(DATA):
————

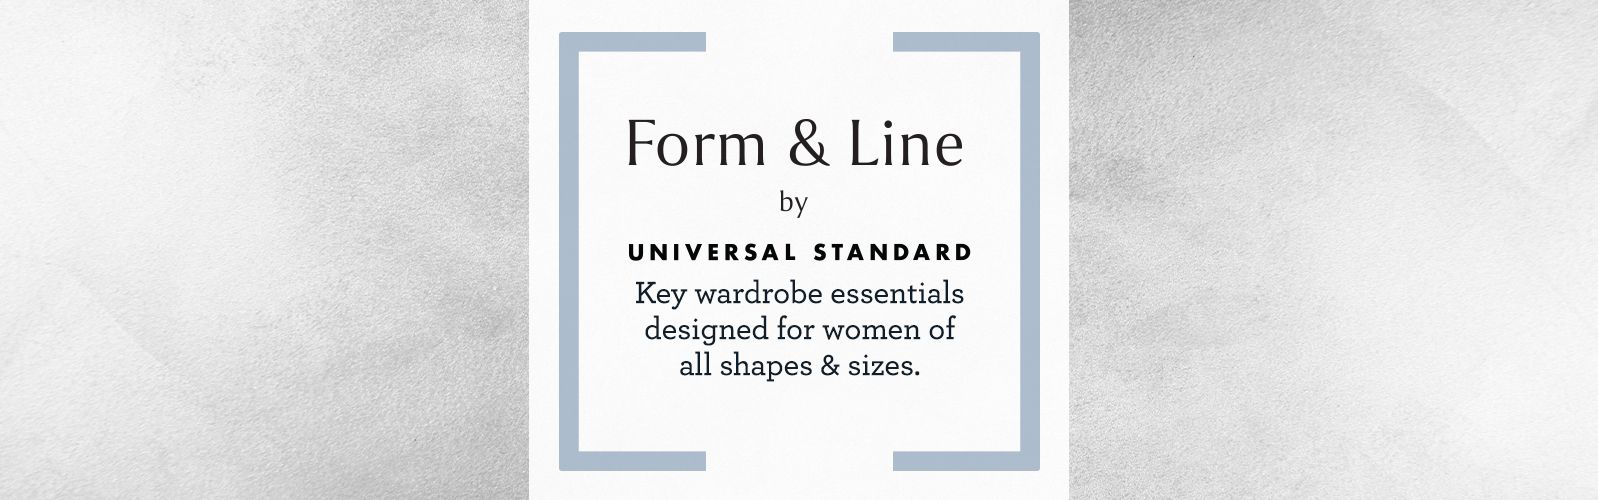 Form & Line by Universal Standard  Inclusive Fashion Brand 
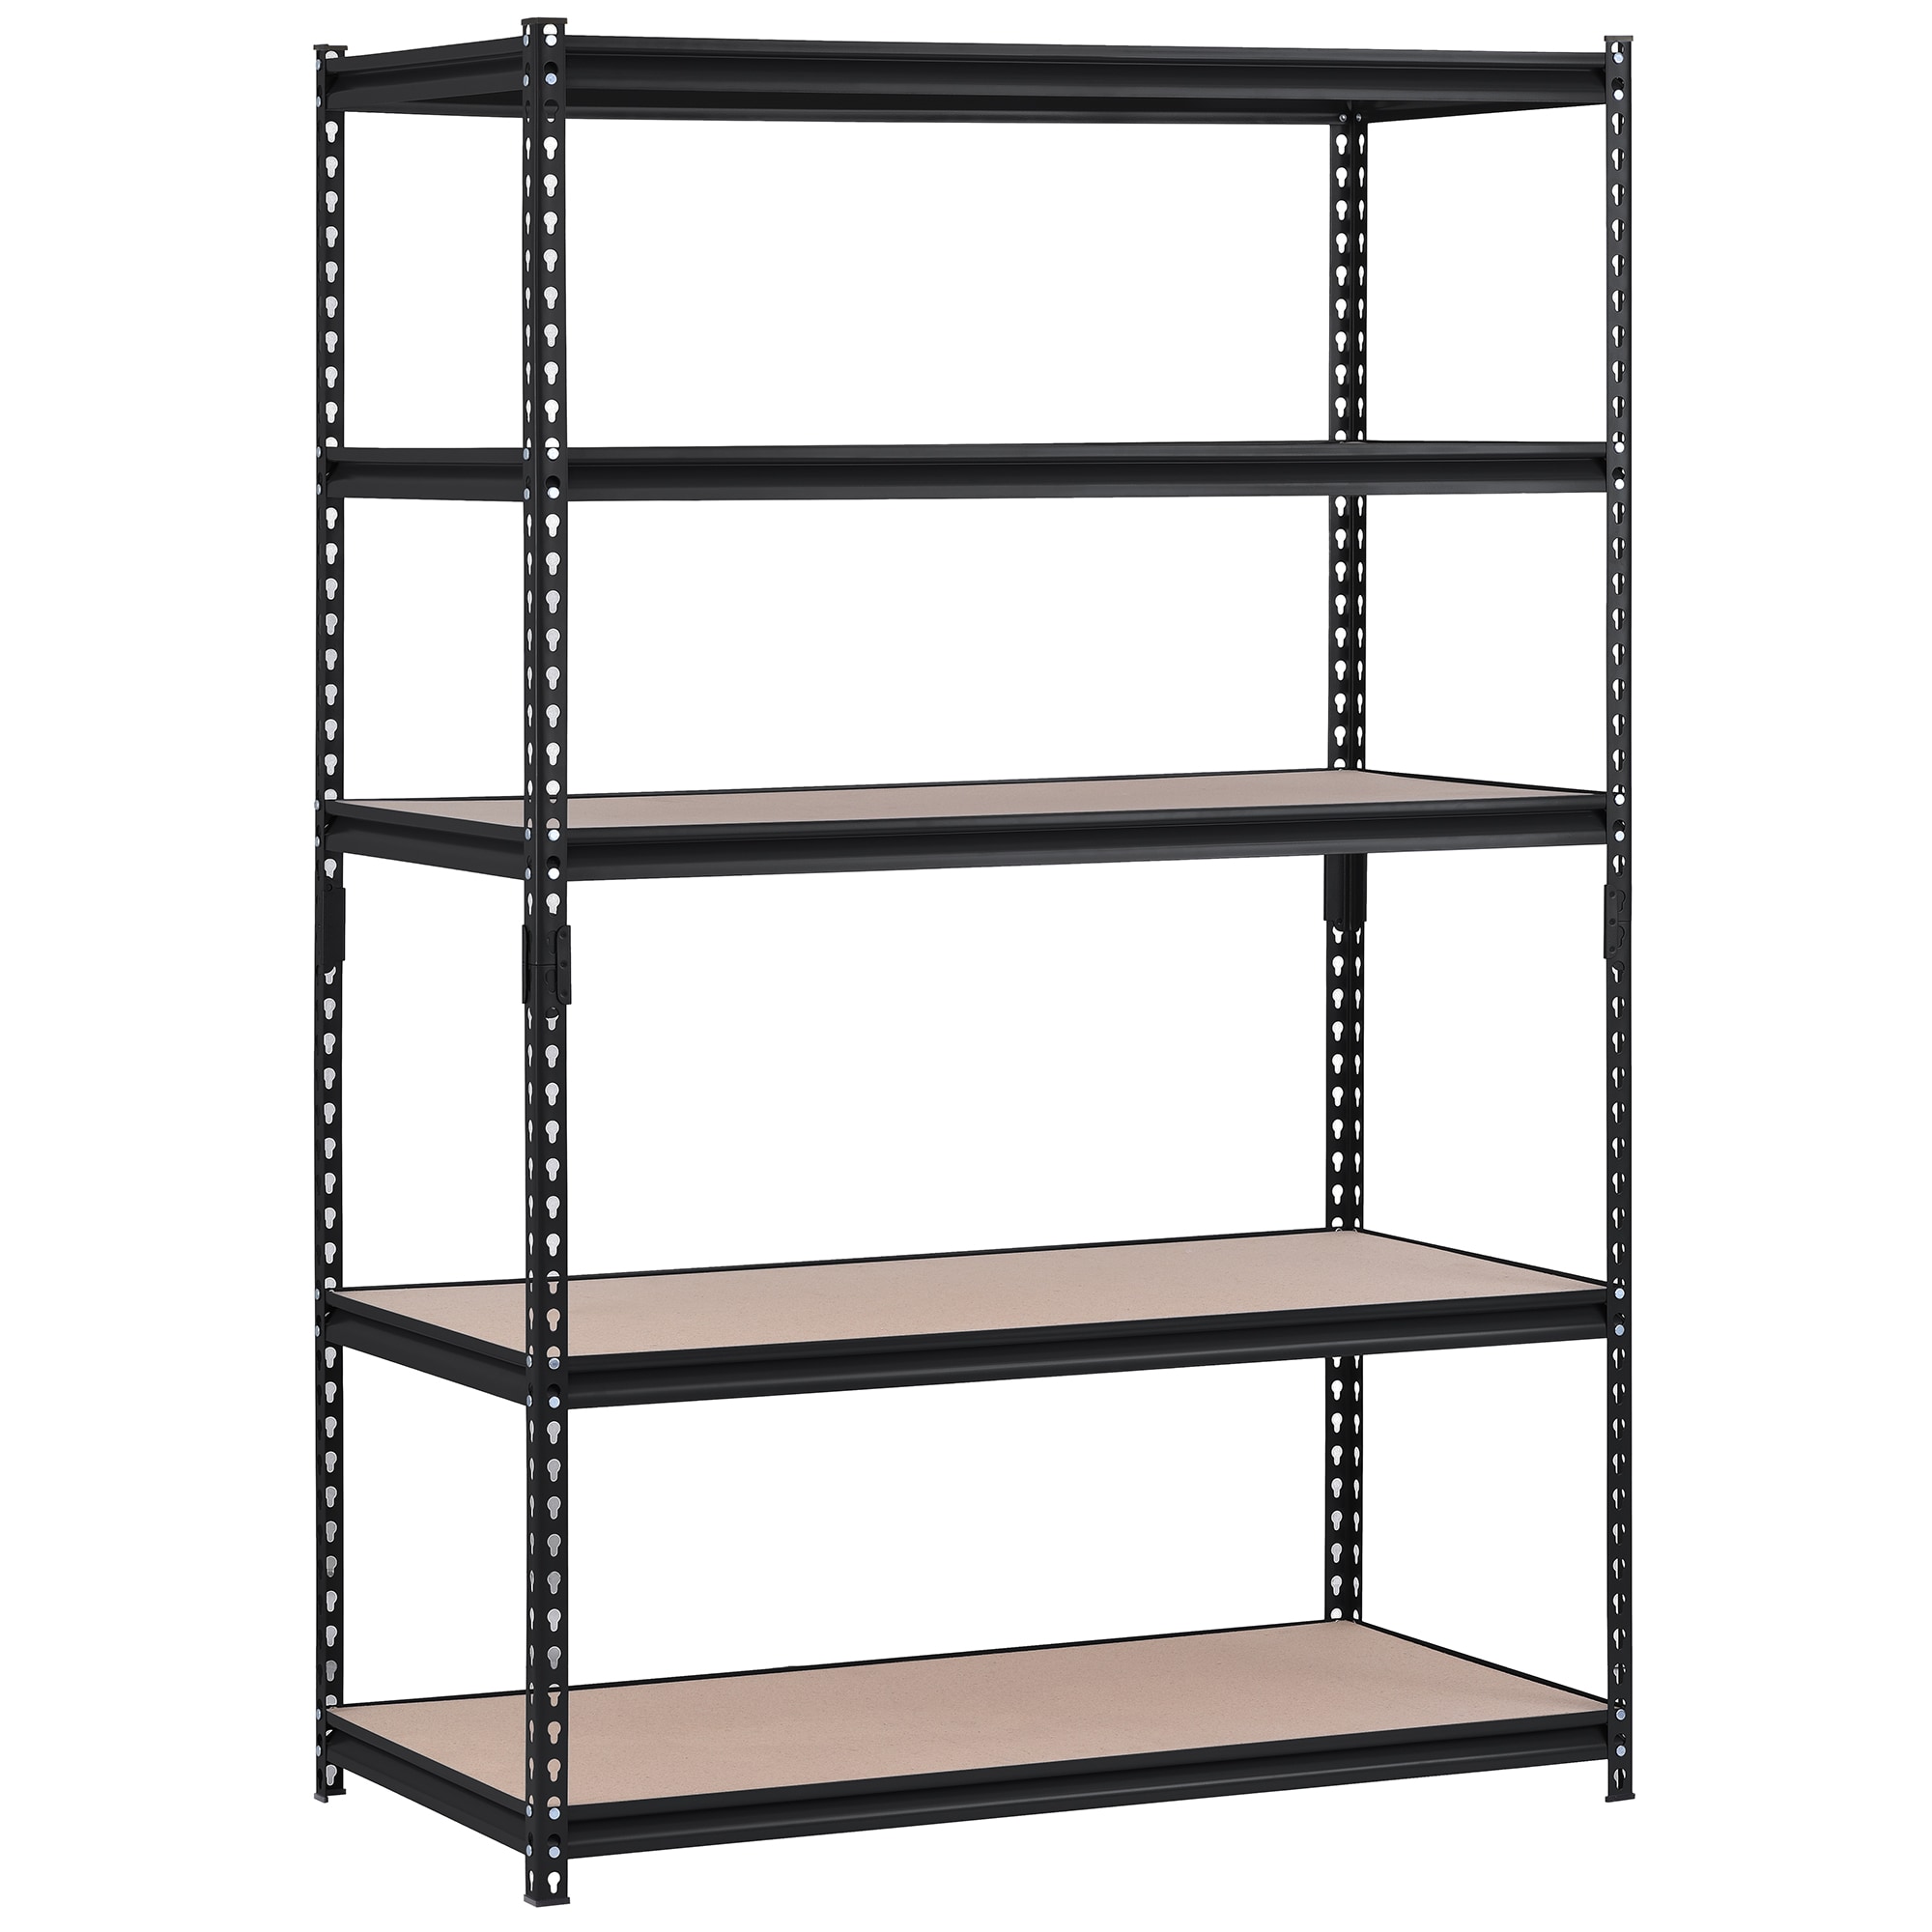  Ribbon Storage Organizers Rack Craft Ribbon Organizer Holder  Rack, 4 Tier Metal Wrapping Ribbon Display Stand with Removable Rod, Modern  Tabletop Storage Racks for Commercial (Color : Black, Size
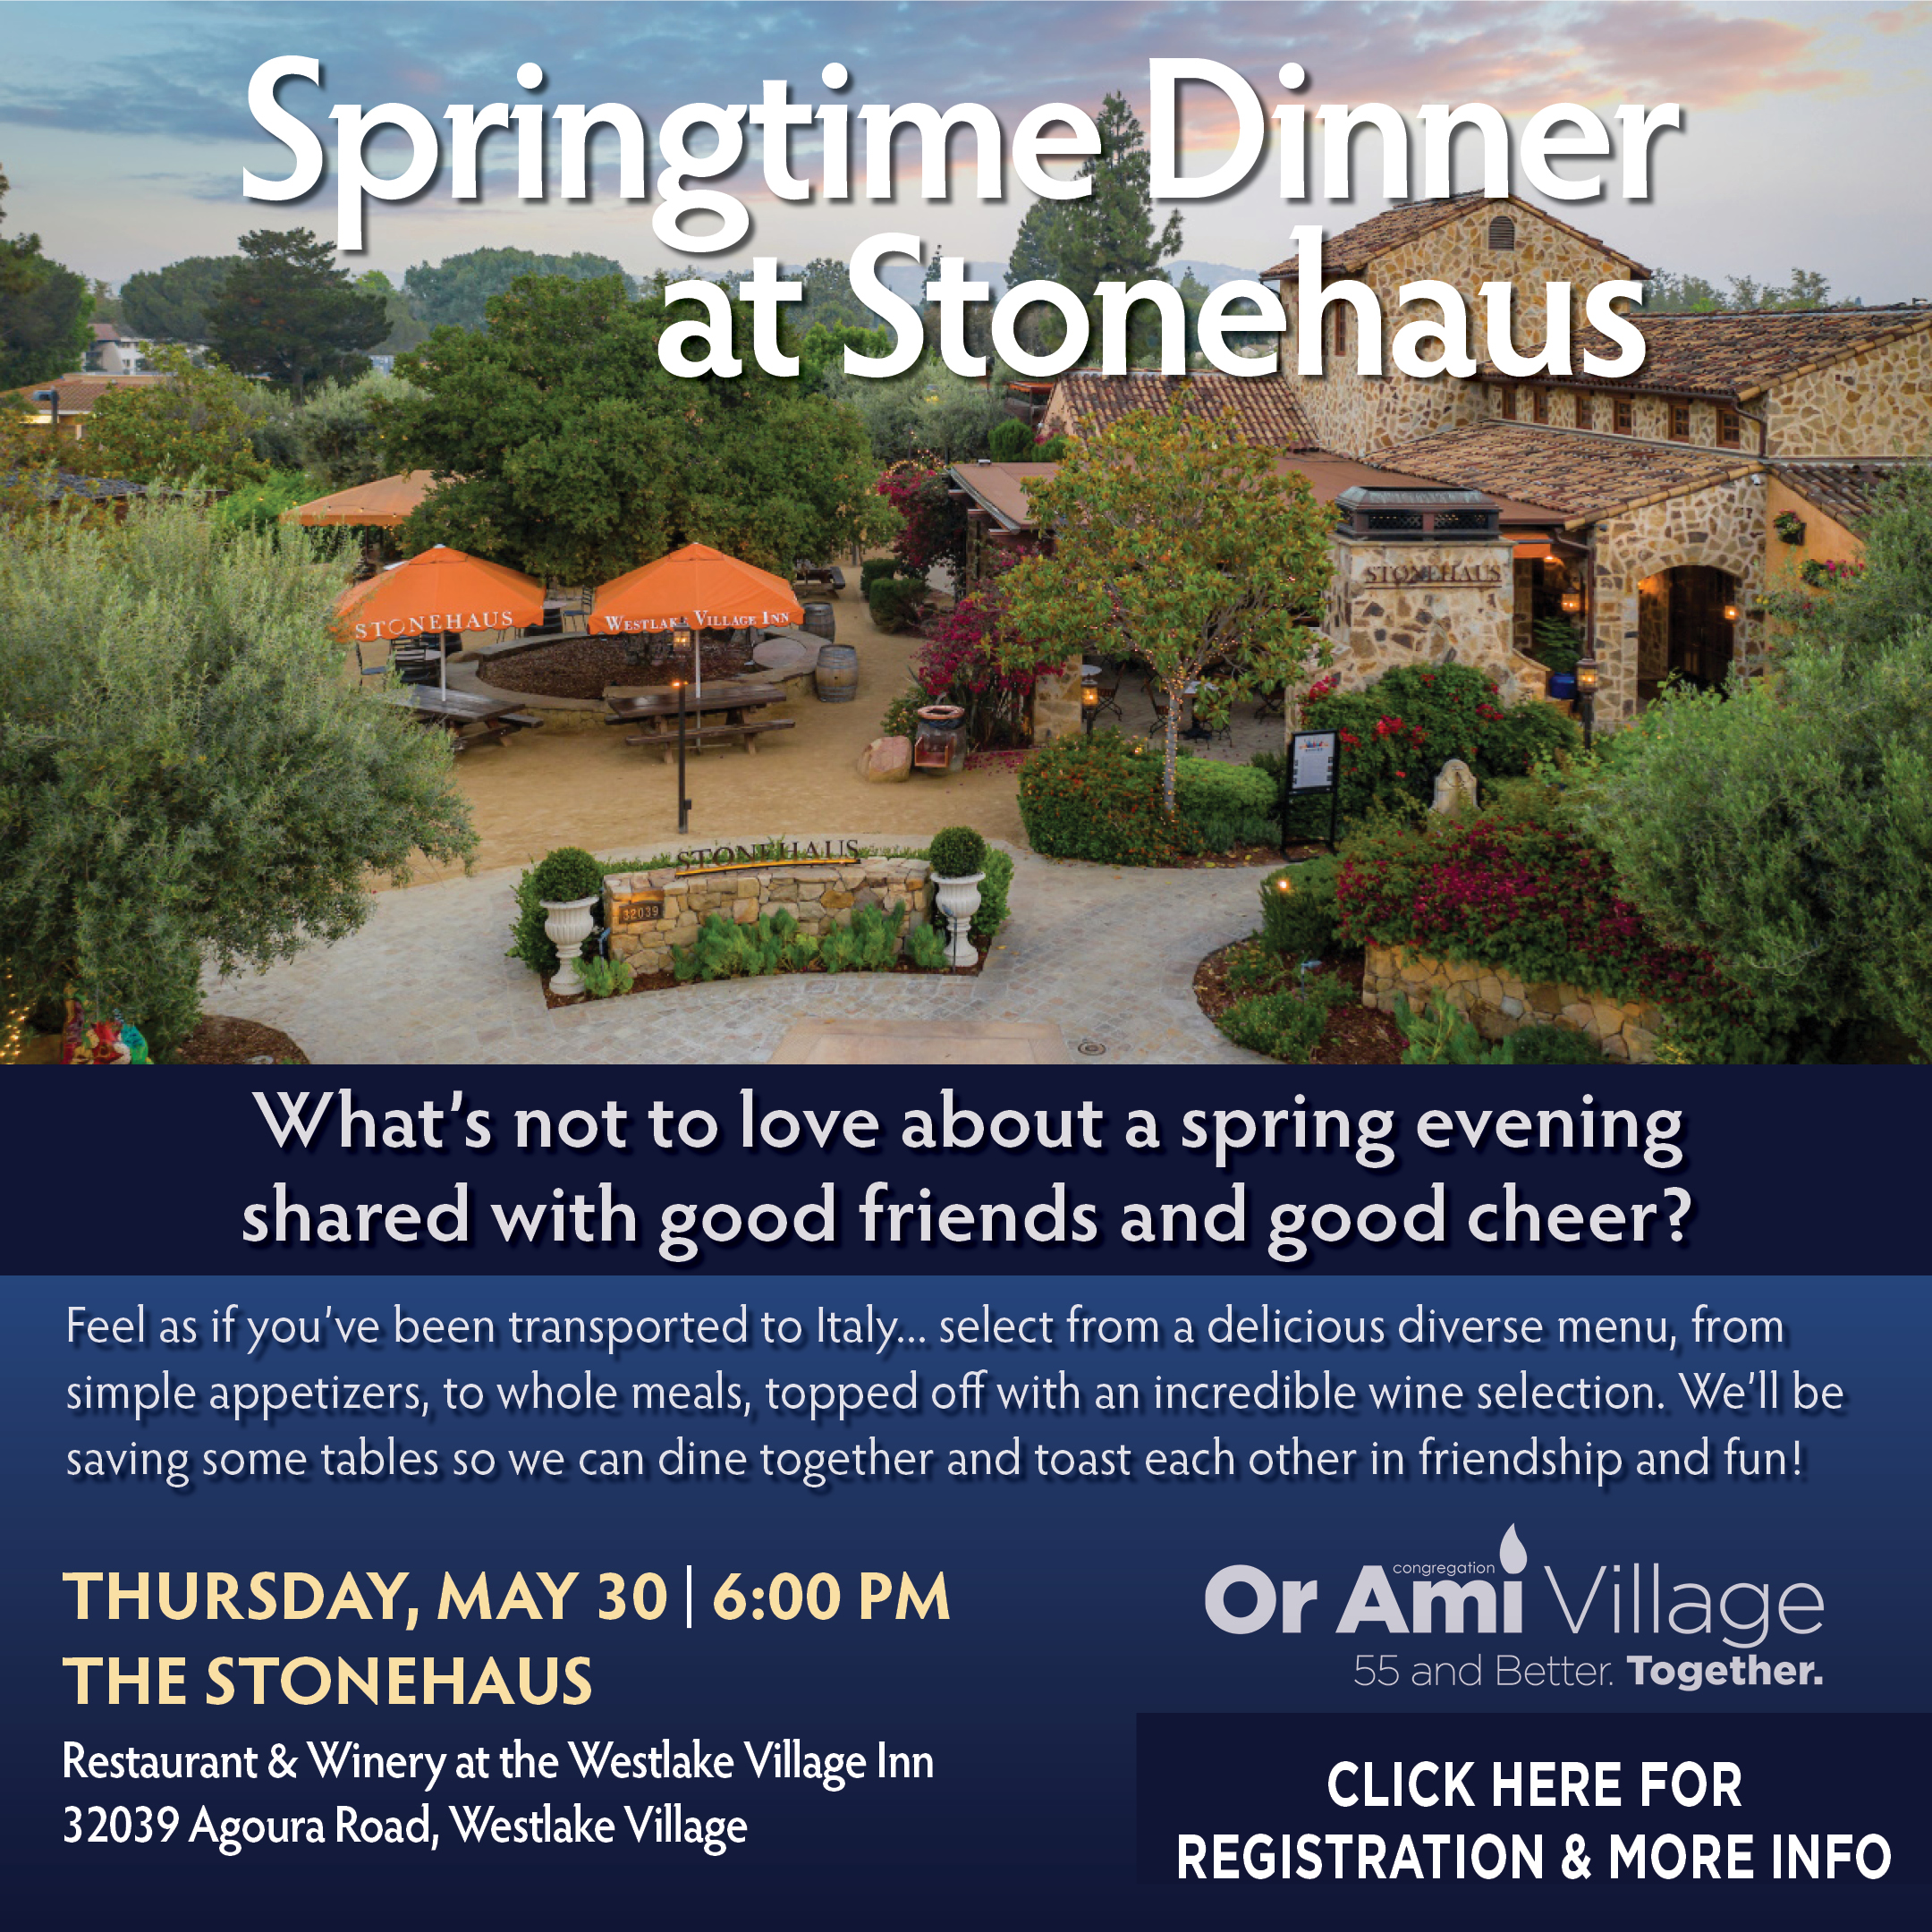 Or Ami Village - The Stonehaus in Springtime CLICK

————

(DIRECTIONS FOR THIS TASK):
Output exactly the lines from the one that has "Ribbon Storage Organizers" through the end of the data. Do not include pictures.

(THE COMPLETED TASK):
  Ribbon Storage Organizers Rack Craft Ribbon Organizer Holder  Rack, 4 Tier Metal Wrapping Ribbon Display Stand with Removable Rod, Modern  Tabletop Storage Racks for Commercial (Color : Black, Size
 Or Ami Village - The Stonehaus in Springtime CLICK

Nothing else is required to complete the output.